Ruime politieke besprekingen
De val van de regering - Theunis had grote politieke beroering tot gevolg. Heftige debatten kwamen los rond het al dan niet doorvoeren van een devaluatie, alsook rond de vorm die de nieuwe regering moest aannemen[186]. Tussen 19 en 21 maart 1935 hield koning Leopold III ruime politieke besprekingen, zowel met politieke kopstukken als - en dit was nieuw - met de leiders van de grote economische en syndicale organisaties. Daaruit bleek duidelijk dat de meesten gewonnen waren voor een sterke, en dus drieledige regering, die de economische problemen prioritair zou behandelen. De geraadpleegden “verstrekten ook een opvallend eensluidend advies over de monetaire politiek die de regering diende te voeren. Op Jussiant na (…) bleken alle geconsulteerden het er namelijk over eens te zijn dat aan de waarde van de frank niet mocht worden geraakt.”[187] Hierbij dient echter vermeld dat vrijwel geen politici uit het devaluationistische kamp werden geraadpleegd. Dezen waren nochtans talrijk. Nog op 12 februari 1935 verklaarde Hubin in volle Kamer: “Permettez-moi de vous dire qu’il y a dans cette Chambre une atmosphère réelle d’hypocrisie, et de signaler que la moitié des membres sont partisans de la dévaluation, sans oser le reconnaître publiquement.”[188]

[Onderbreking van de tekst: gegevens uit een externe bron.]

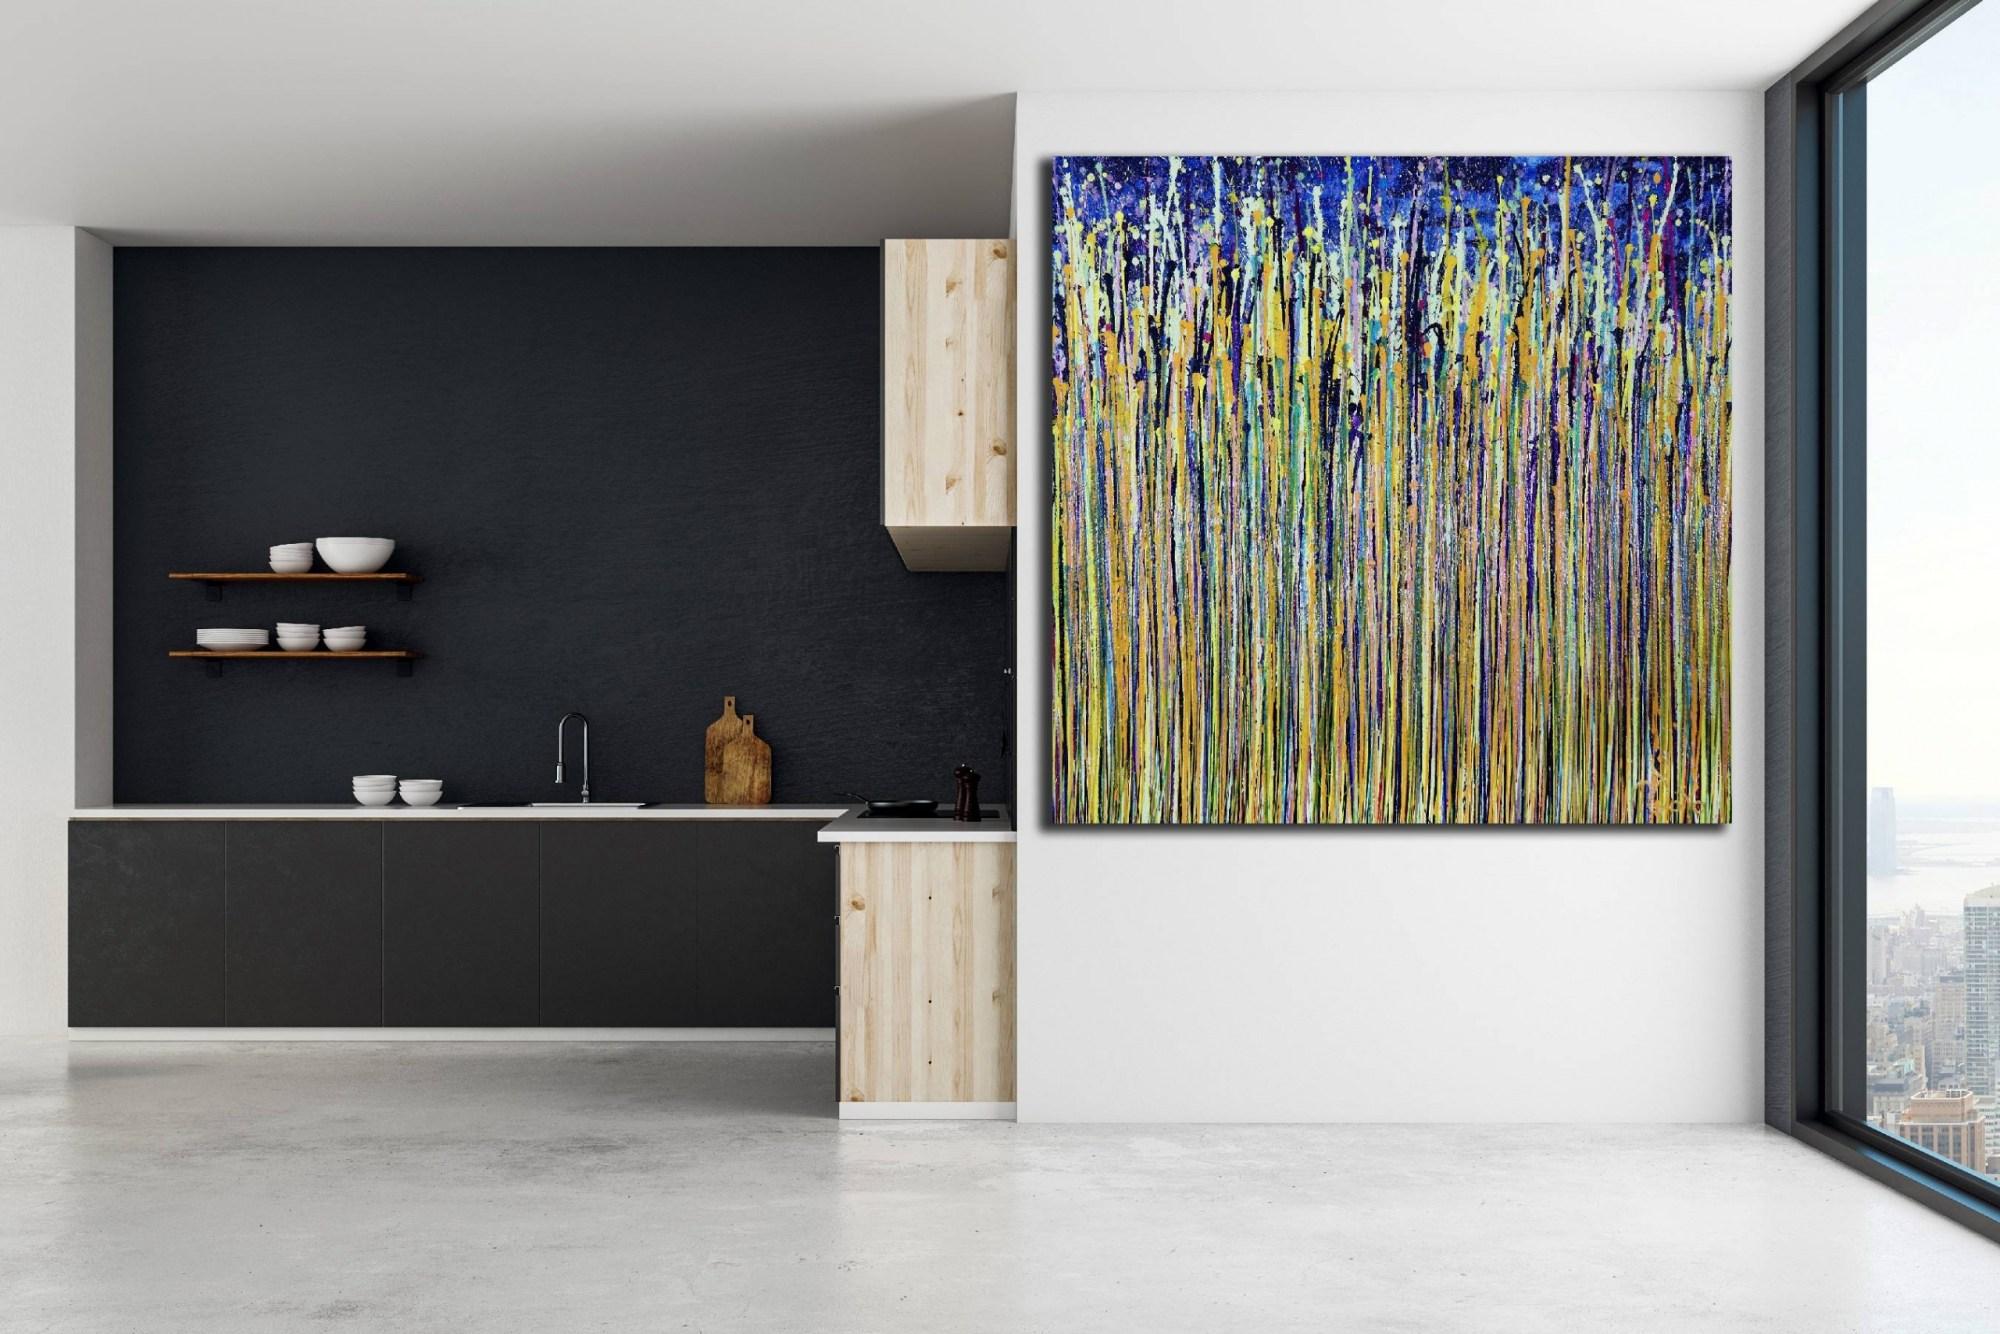 Daydream Panorama (Natures Imagery) 16 (2020) by Nestor Toro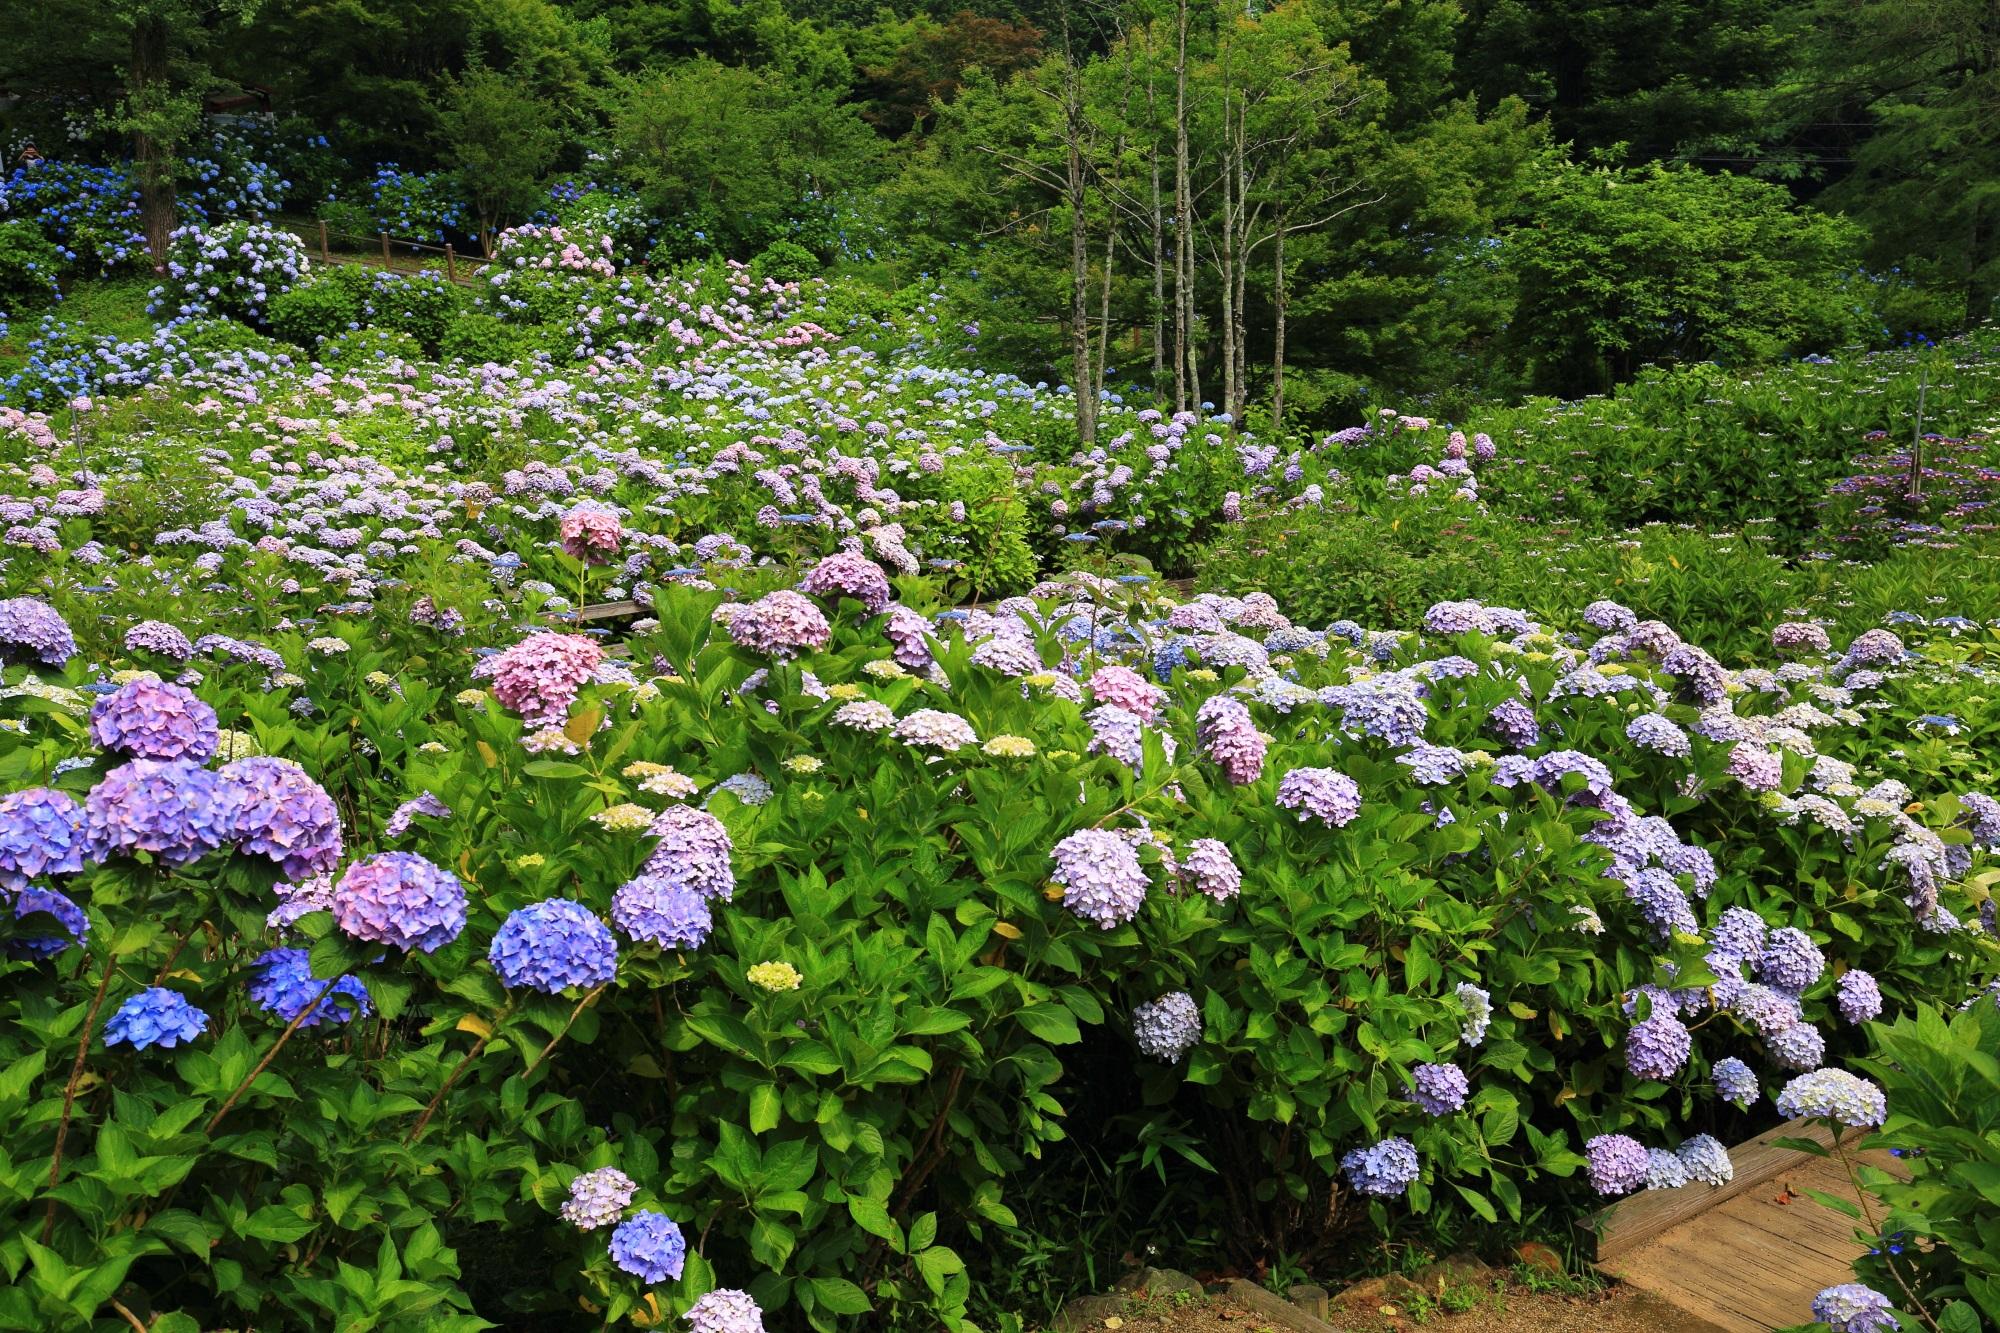 紫陽花を見すぎて頭がだんだんおかしくなるような舞鶴自然文化園

De Standaard nam dan weer formeel stellingname in het debat. De krant keerde zich overtuigd tegen elke drieledige regering en tegen een devaluatie. In dit verband moet tevens het sterke antisocialistische gevoel dat bij Sap (en De Standaard) heerste, worden benadrukt. Sap had werkelijk een grondige afkeer van het socialisme. Dit ging immers totaal in tegen de katholieke leer. Daarnaast kenden de toenmalige beleidsvoorstellen van de BWP, met vooral haar planistische economische visie (Plan van de Arbeid), in zijn ogen geen genade.
Wat de tripartiete betreft, hoefden Sap en De Standaard zich echter geen illusies te maken. Niet alleen spraken alle door de vorst geconsulteerde personaliteiten zich ervoor uit, ook Leopold III zelf was ervoor gewonnen. Hij ging zelfs zover de socialisten (met name de oude Vandervelde), die dwars hadden gelegen bij de vorige kabinetsformaties, voor de keuze te stellen tussen regeringsdeelname of een dictatuur[189].
Verschillende personen werd een formatieopdracht toevertrouwd[190]. Maar zowel Theunis en de katholieke gecoöpteerde senator Paul Tschoffen als gouverneur van de Nationale Bank Louis Franck weigerden. Vervolgens benoemde de koning Theunis tot informateur. Deze functie, die nieuw was, hield in dat Theunis binnen de grote politieke families verkennende gesprekken zou voeren, vooral i.v.m. het uitzicht van het nieuwe regeringsprogramma. In het kader van zijn opdracht liet Theunis voor een select gezelschap Paul Van Zeeland een exposé geven over de huidige economische situatie. Van Zeeland stelde dat een devaluatie onvermijdelijk was geworden en eigenlijk zelfs al een feit was na de instelling van de wisselcontrole. Met zijn betoog maakte Van Zeeland een diepe indruk[191].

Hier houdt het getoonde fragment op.